New treatment strategies for prostate cancer have recently been developed, but multiple malignancies remain a major concern. The aim of this study was to evaluate the characteristics of multiple malignancies and to analyze the risk of secondary malignancies after radiotherapy for prostate cancer.

Methods

From 2000 to 2011, 150 patients with prostate cancer were treated with curative radiotherapy in our department. Patient age range was 54–92 years (median, 70 years), and the follow-up period was 4–142 months (median, 48 months). The incidence of multiple primary cancers was compared with the estimated incidence.

Results

A total of 147 patients (98 %) survived more than 12 months (12–142 months; median, 48 months); 20/150 patients (13 %) died within 10 years. Cause of death was recurrent prostate cancer in 11 patients, other primary malignancies in 7 patients, and cardiovascular disease in 2 patients. Multiple primary cancers were present in 26 of 150 patients (17 %), including 16 subsequent malignancies (11 %) with latent periods of 13–83 months (median, 43 months).
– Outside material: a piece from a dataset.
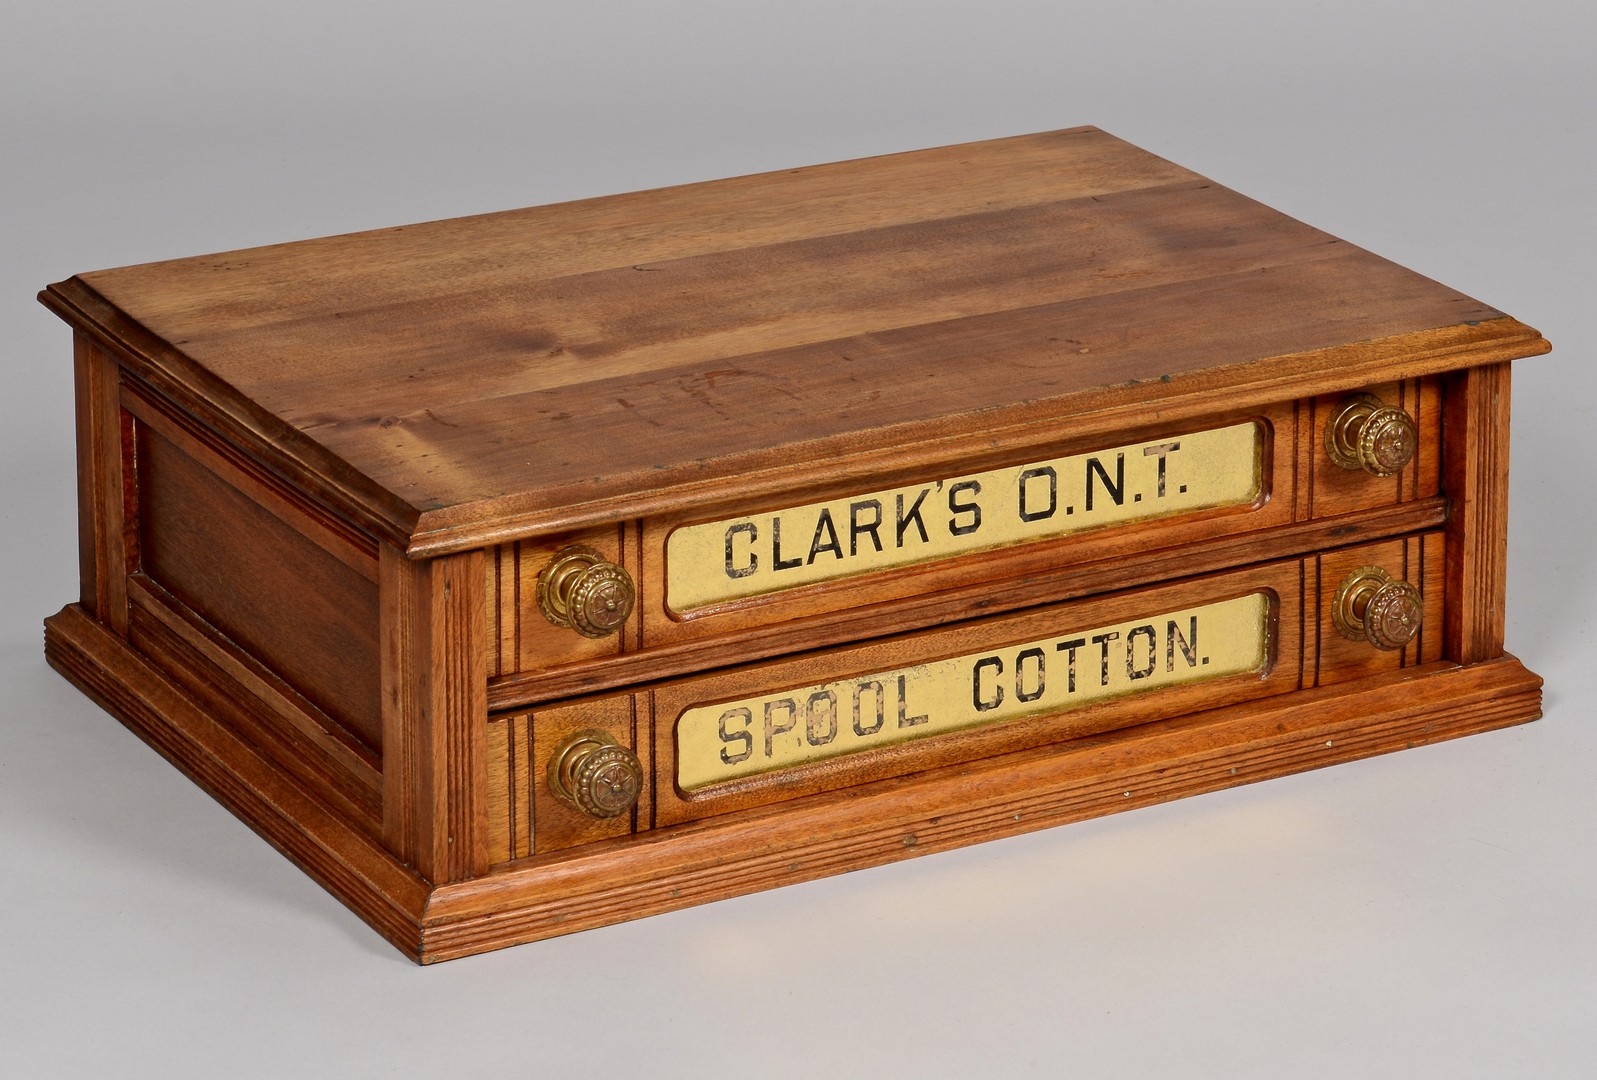 Lot 861: Two Clark's Advertising Spool Cabinets

The subsequent non-prostate malignancies were lung cancer in 4 patients, urinary bladder or ureter cancer in 4, stomach cancer in 3, malignant lymphoma in 2, and other in 3. Analysis of the observed incidence of secondary malignancies compared with the estimated incidence in the general population revealed a higher incidence of ureter cancer and malignant lymphoma.

Conclusion

Close attention should be paid to secondary malignancies after radiotherapy for prostate cancer, including malignancies occurring within 5 years, which could be attributable to radiotherapy.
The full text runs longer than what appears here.